→ GIVEN DATA

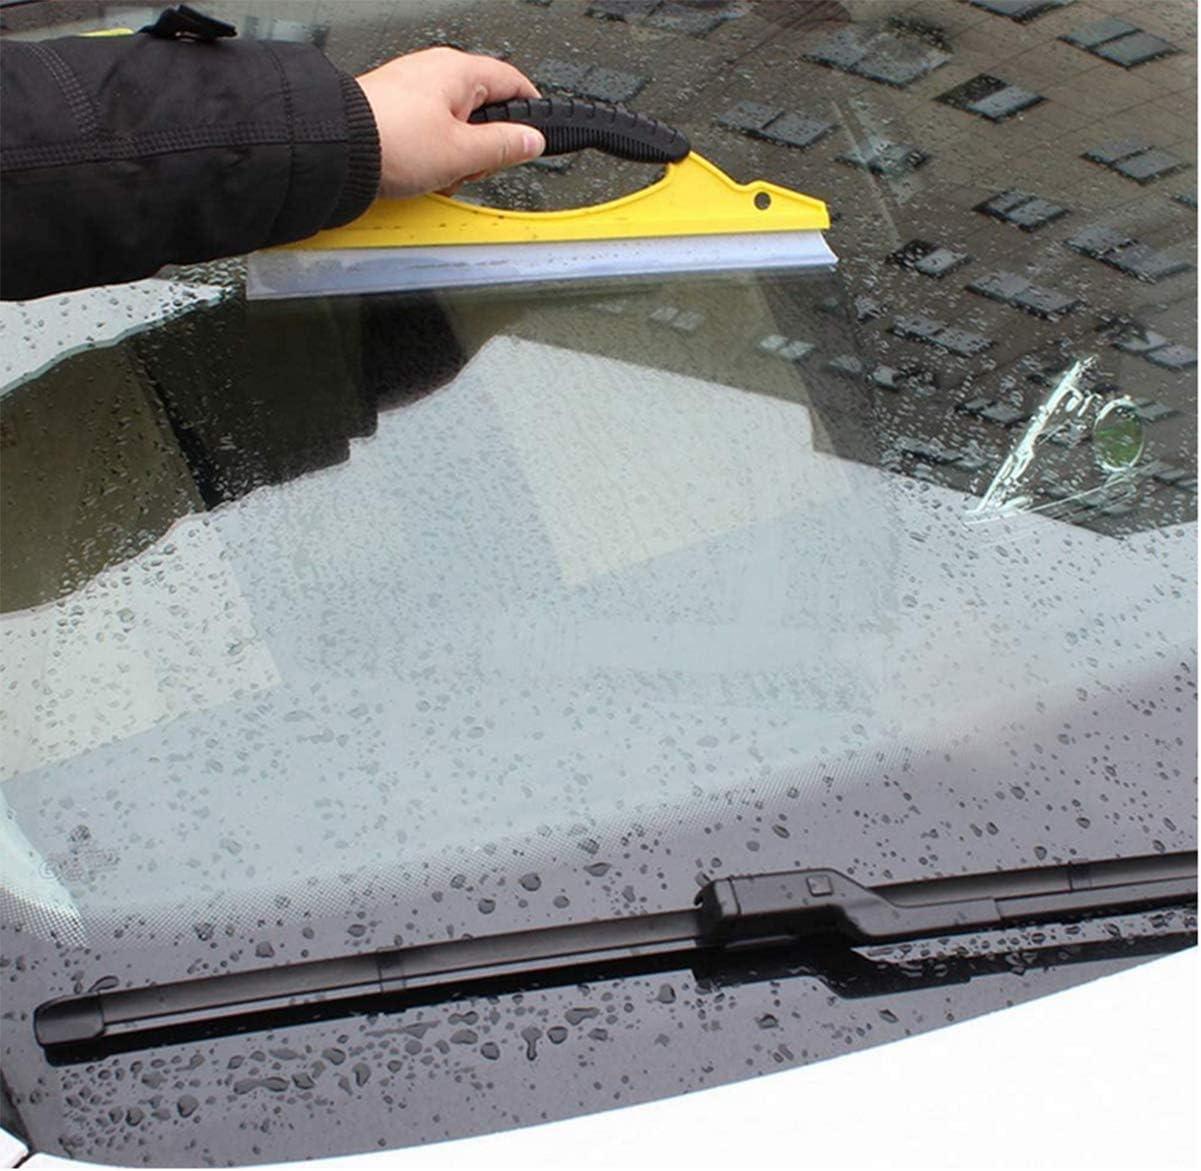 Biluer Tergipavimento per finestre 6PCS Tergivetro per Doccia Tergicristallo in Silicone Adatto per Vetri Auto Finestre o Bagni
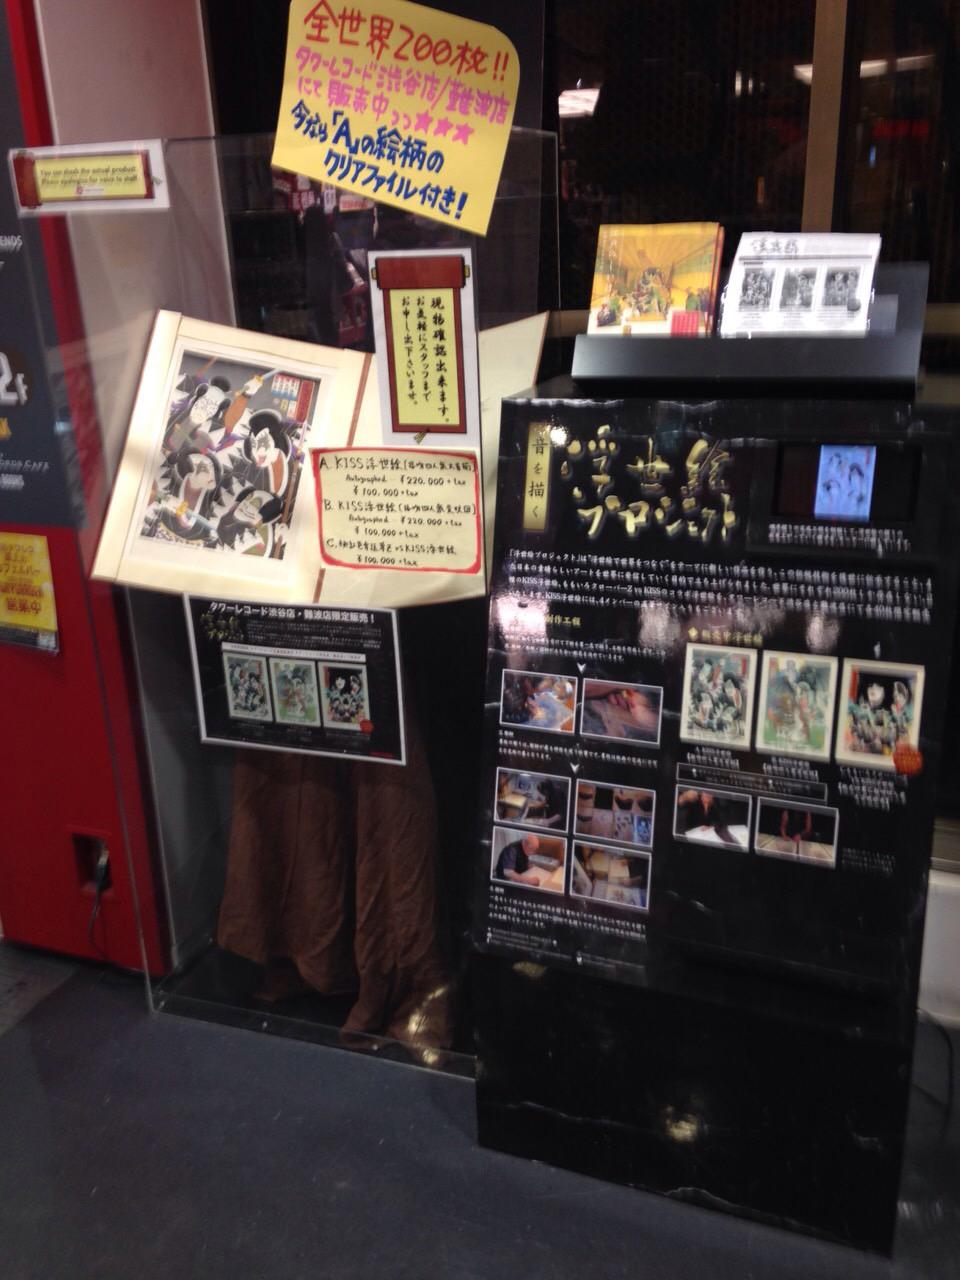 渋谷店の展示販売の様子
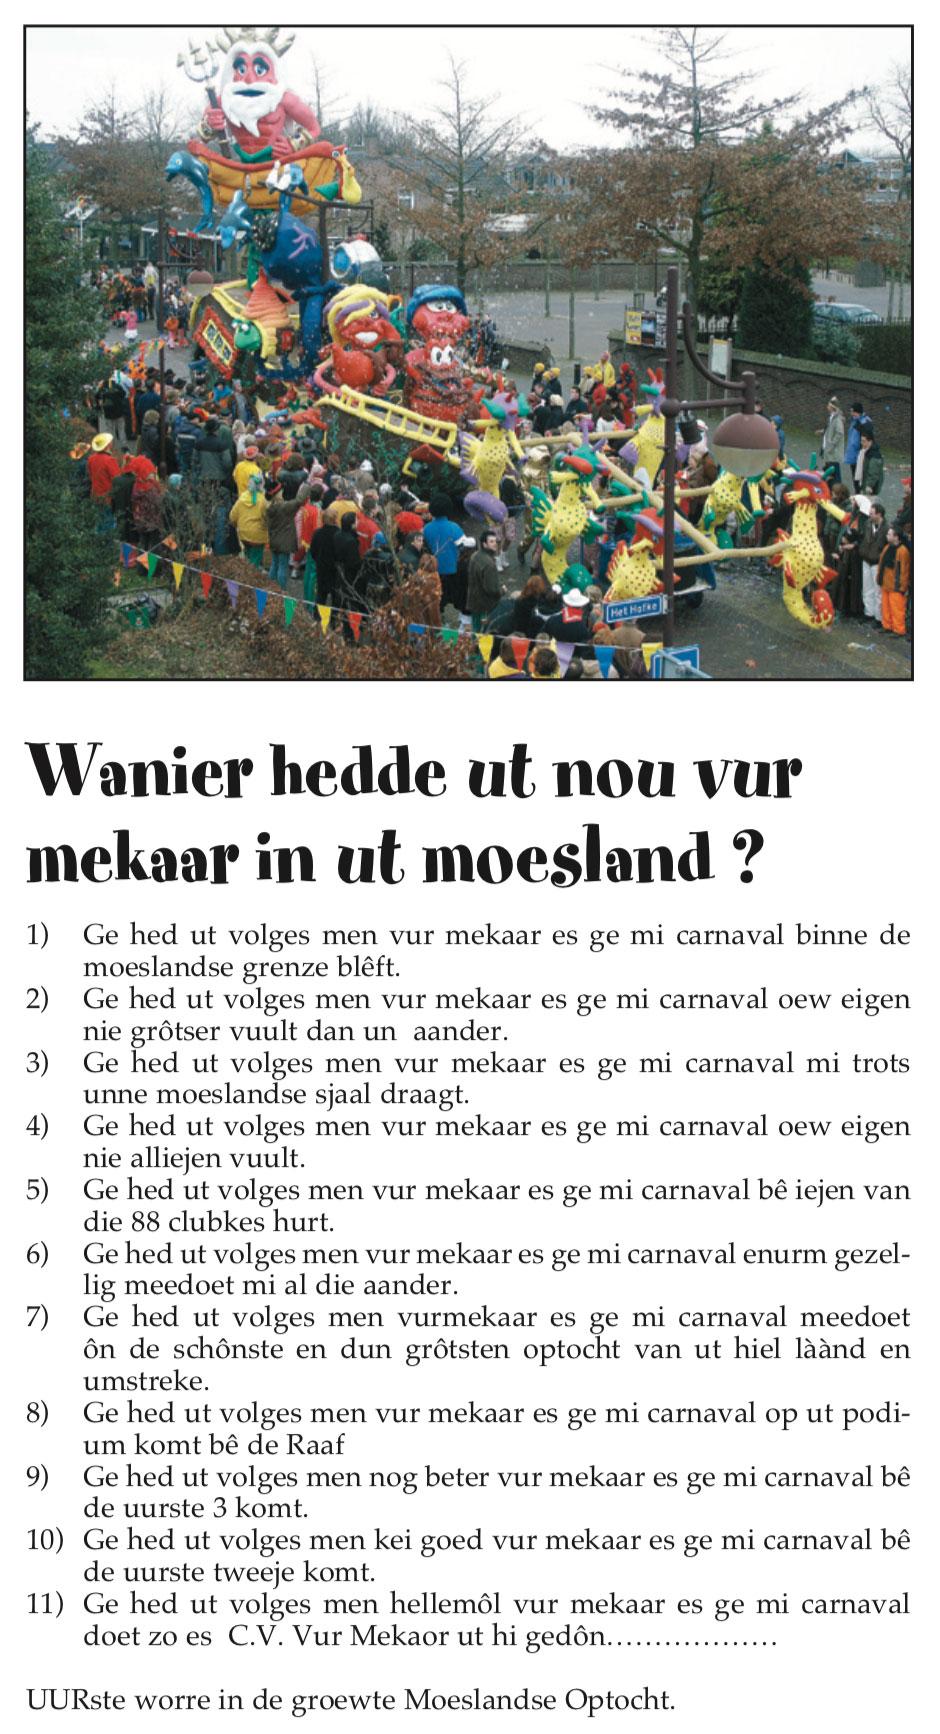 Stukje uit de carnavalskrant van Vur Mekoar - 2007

→ WHAT IS NEEDED
Send back the listing exactly as it stands. Do not include the pictures.

→ ANSWER TO THE EXERCISE
 Biluer Tergipavimento per finestre 6PCS Tergivetro per Doccia Tergicristallo in Silicone Adatto per Vetri Auto Finestre o Bagni
 渋谷店の展示販売の様子
 Stukje uit de carnavalskrant van Vur Mekoar - 2007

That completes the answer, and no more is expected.